Here are some solutions for various dimensions:

3: 2 3 1 2 1 3
4: 2 3 4 2 1 3 1 4
7: 1 4 1 5 6 7 4 2 3 5 2 6 3 7
8: 1 3 1 6 7 3 8 5 2 4 6 2 7 5 4 8
11: 1 2 1 4 2 8 9 10 4 11 6 3 7 5 8 3 9 6 10 5 7 11
12: 1 2 1 3 2 8 9 3 10 11 12 5 7 4 8 6 9 5 4 10 7 11 6 12
15: 1 2 1 3 2 4 10 3 11 12 4 9 14 15 13 7 8 10 5 6 11 9 12 7 5 8 6 14 13 15
16: 1 2 1 3 2 4 8 3 12 13 4 10 14 15 16 8 9 6 11 5 7 12 10 13 6 5 9 14 7 15 11 16
19: 1 2 1 3 2 4 5 3 9 15 4 14 5 13 16 17 18 19 9 10 7 12 6 8 11 15 14 13 7 6 10 16 8 17 12 18 11 19
20: 1 2 1 3 2 4 5 3 6 16 4 15 5 14 17 6 12 19 20 18 9 11 13 7 10 8 16 15 14 12 9 7 17 11 8 10 13 19 18 20

There appear to be 300 8D solutions. The reverse of a solution also is a solution. I found no solutions for n in the set {1, 2, 5, 6, 9, 10, 13, 14} and found solutions for n in {3, 4, 7, 8, 11, 12, 15, 16, 19, 20}, suggesting there are solutions only for n of the form 4k and 4k-1. (I didn't test at n=17 or 18 or n>20 as the program might take weeks to get done. First-solutions at n=19 and 20 took 20 minutes and 57 minutes to find.)

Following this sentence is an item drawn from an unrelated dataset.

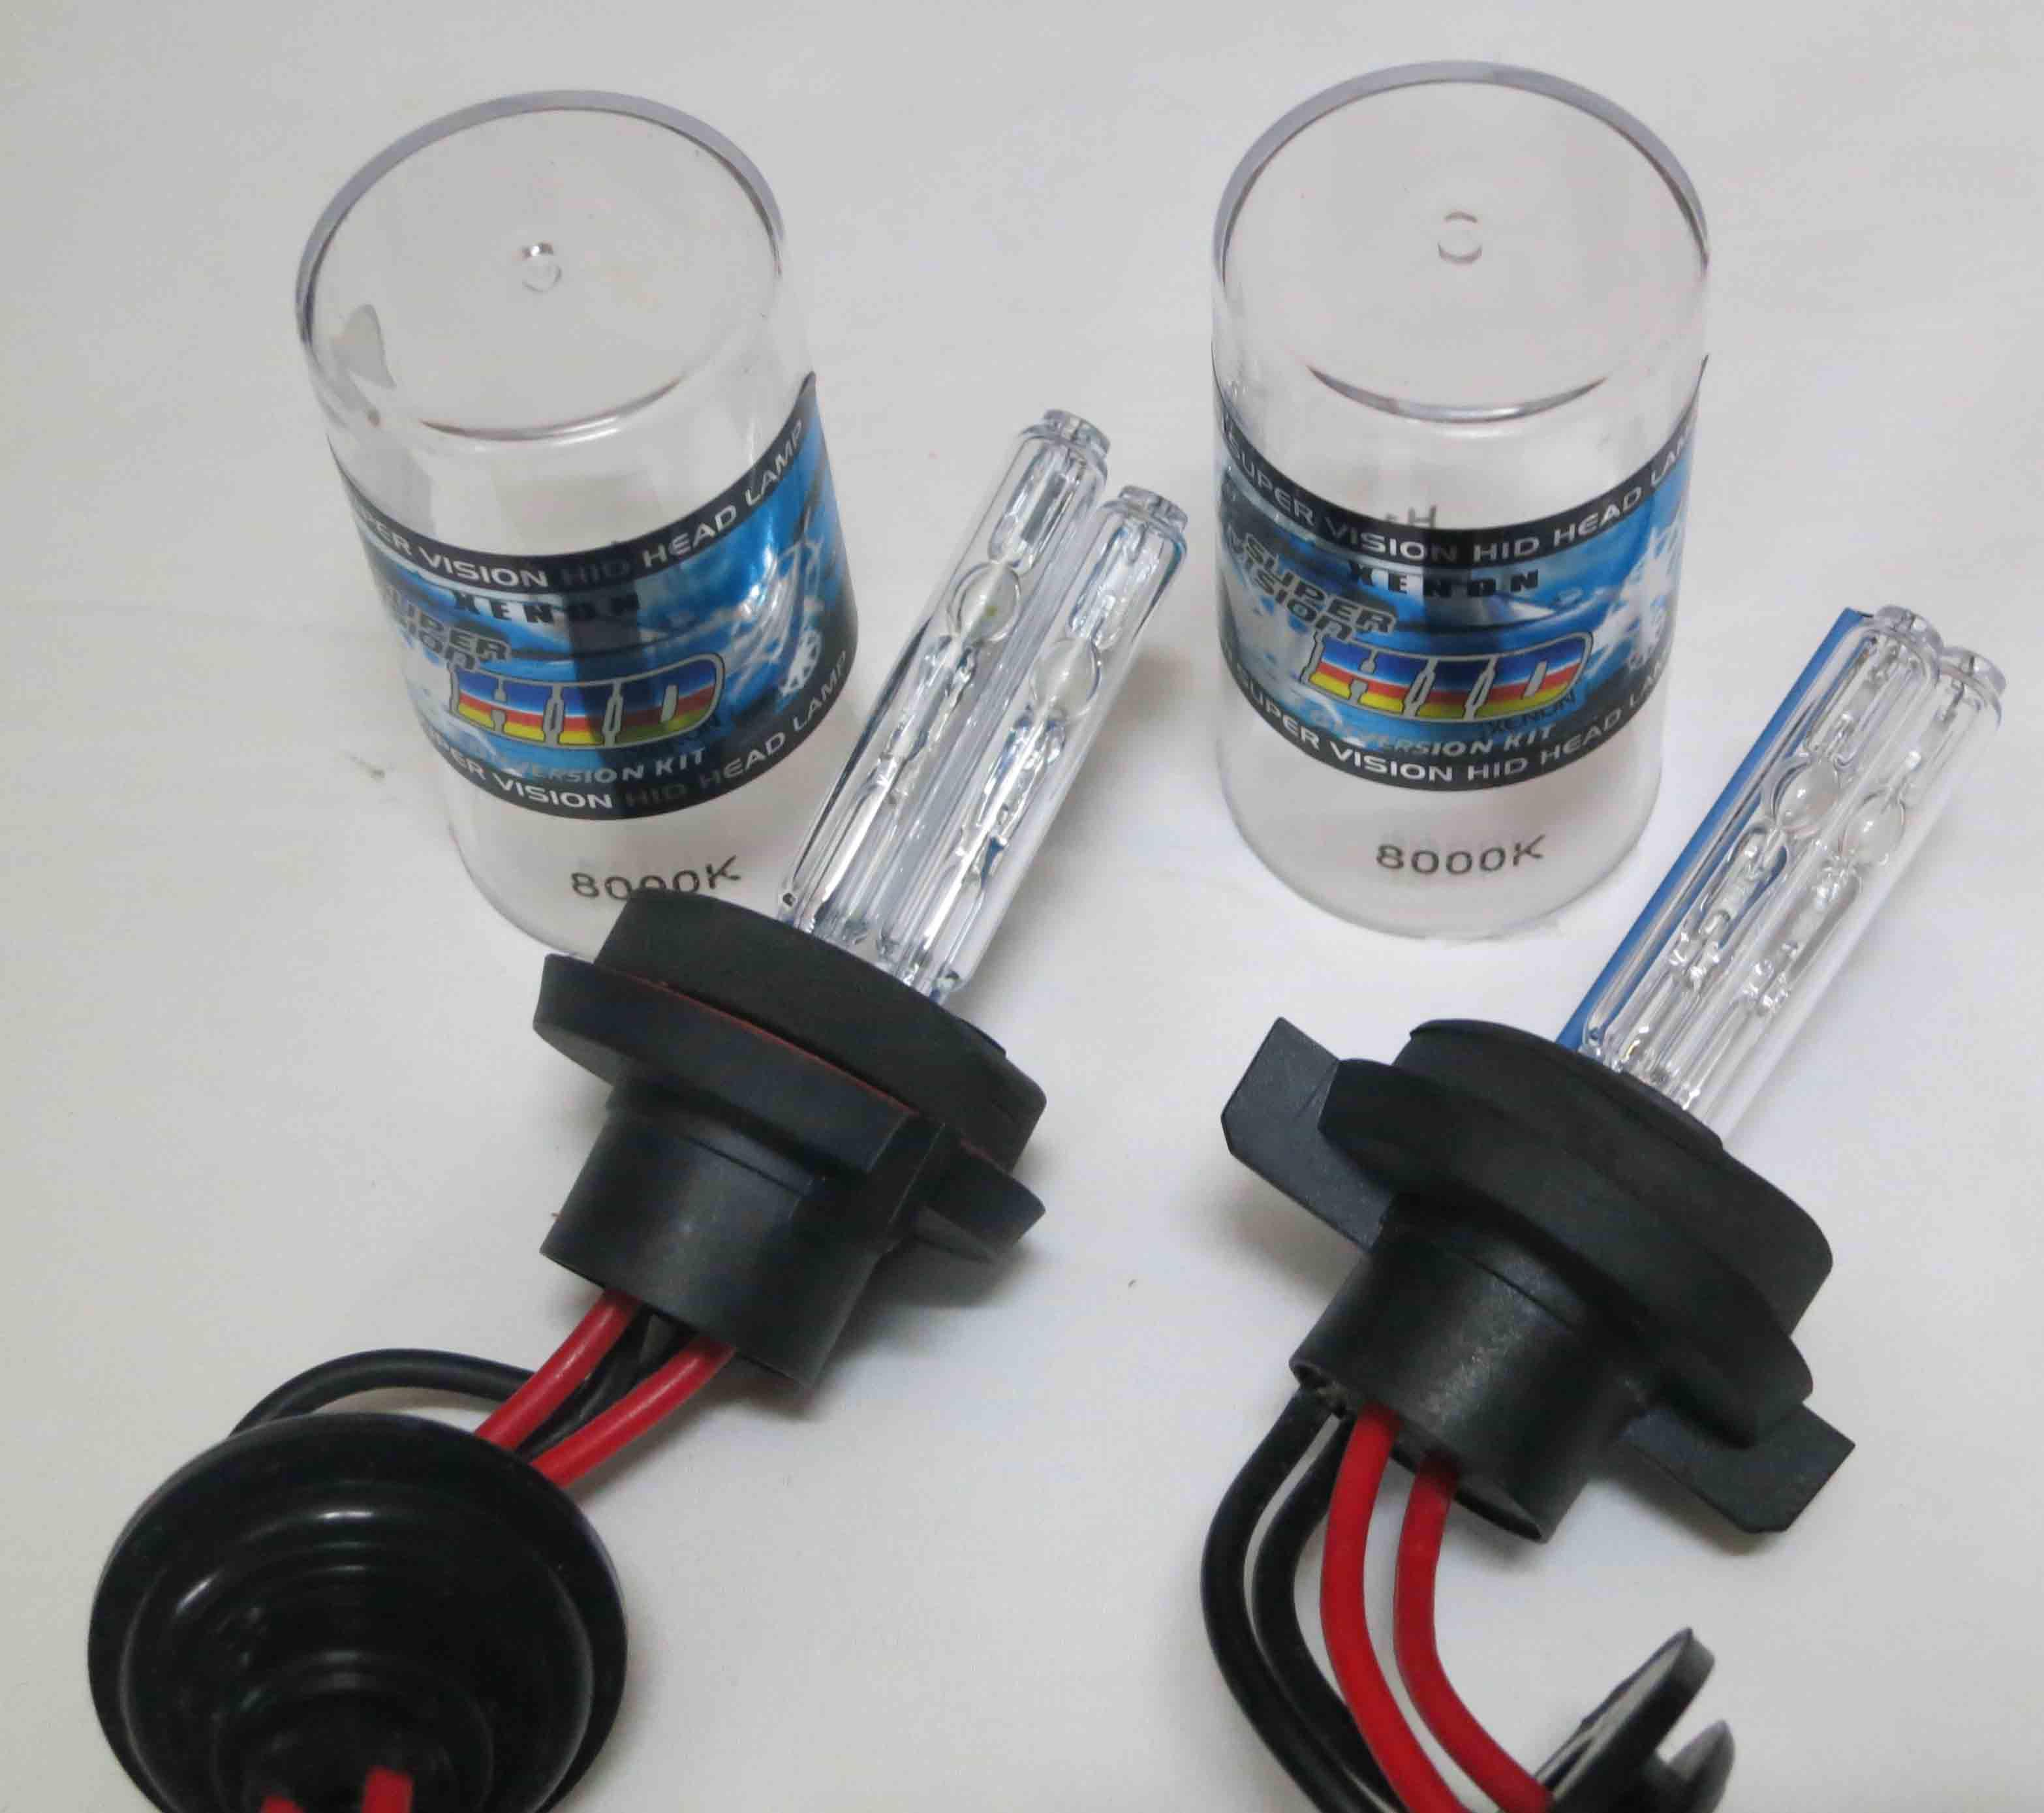 1キット35W H4-4スリムバラストデュアルキセノン(ローハイビーム)HIDキットH13-4 9004 / 9007-4 6K 8Kメタルベース
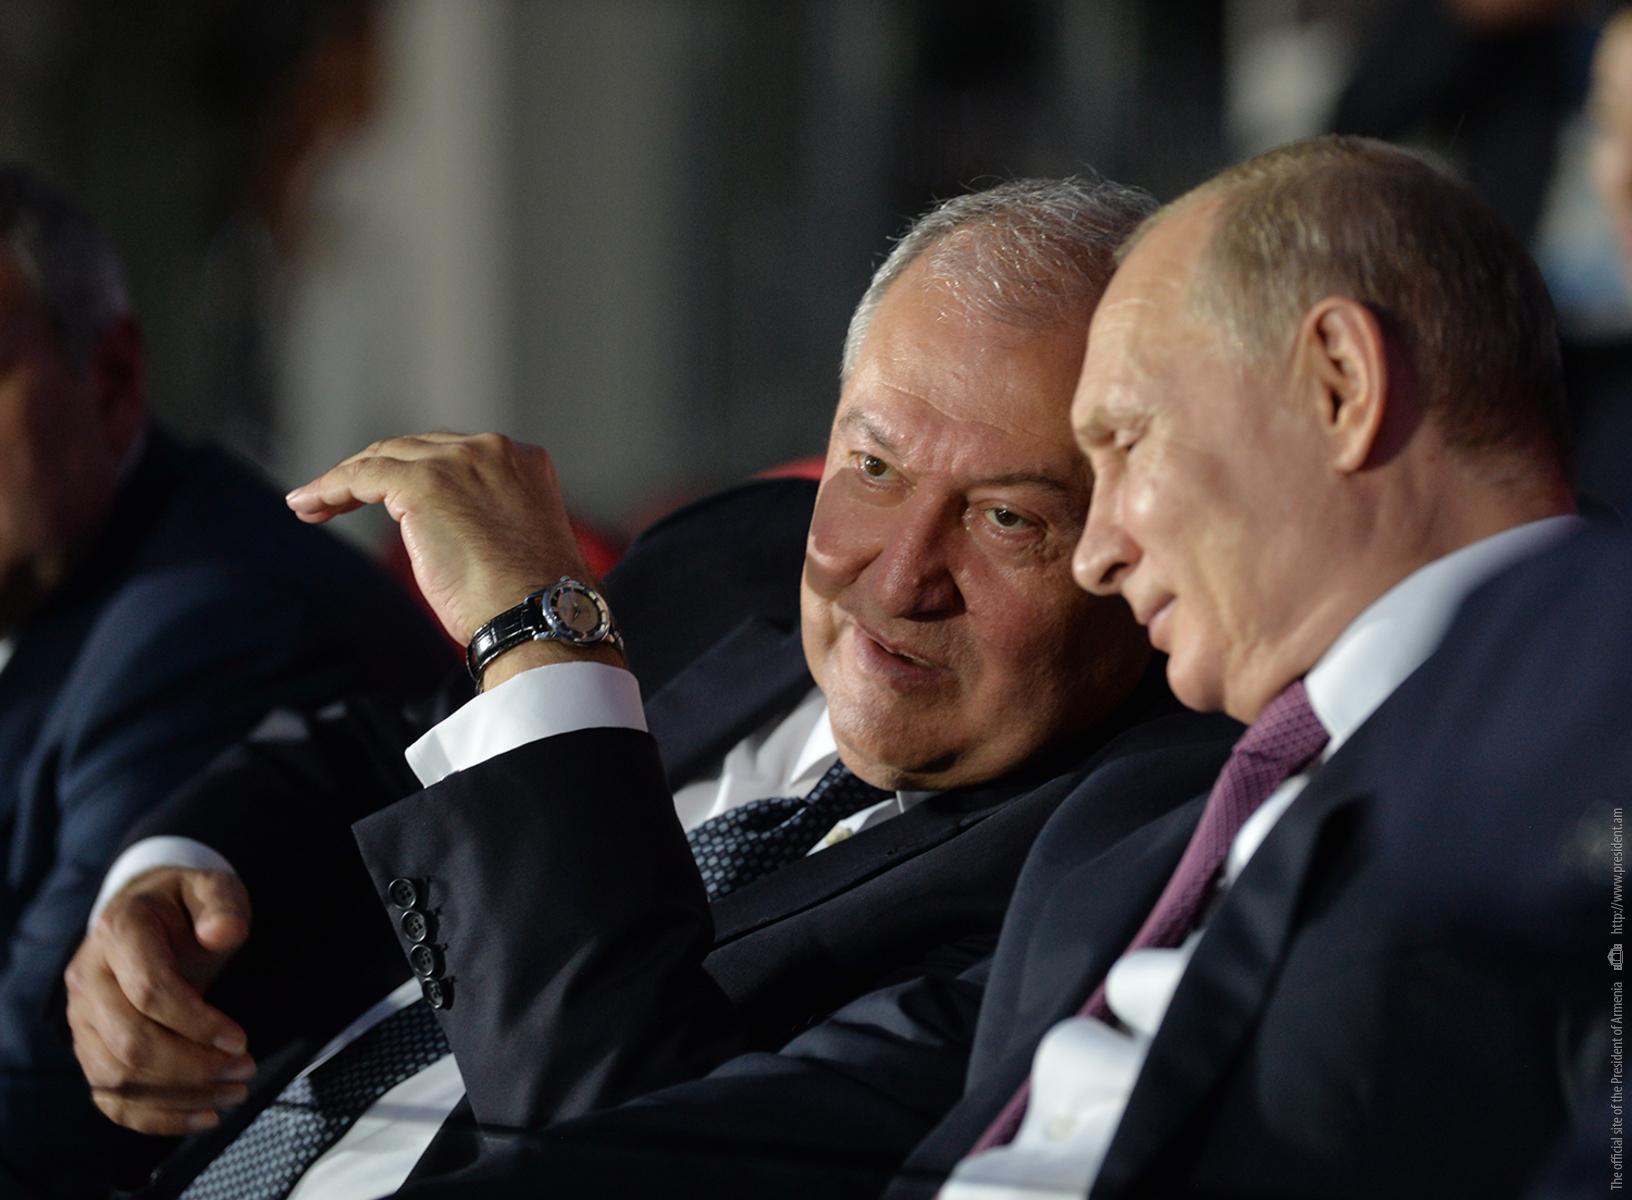 Photo of Մեր երկների հարաբերությունները հիմնվում են բարեկամության և փոխադարձ հարգանքի ավանդույթների վրա. ՌԴ նախագահ Վլադիմիր Պուտինը շնորհավորել է նախագահ Արմեն Սարգսյանին

In a solution, let us write the occurrences of fruit i as i and i'. Fruits i and i' are not distinguishable, so we can arrange that i always appears before i'. Thus we can exhaust all possible orders of 2n items by generating and testing all permutations of n items, accepting those permutations such that an array of 2n cells can be filled in via the following C code, with elements i and i' at distance i+1. For a given n-permutation, there is one way or no way to fill in the array of 2n cells.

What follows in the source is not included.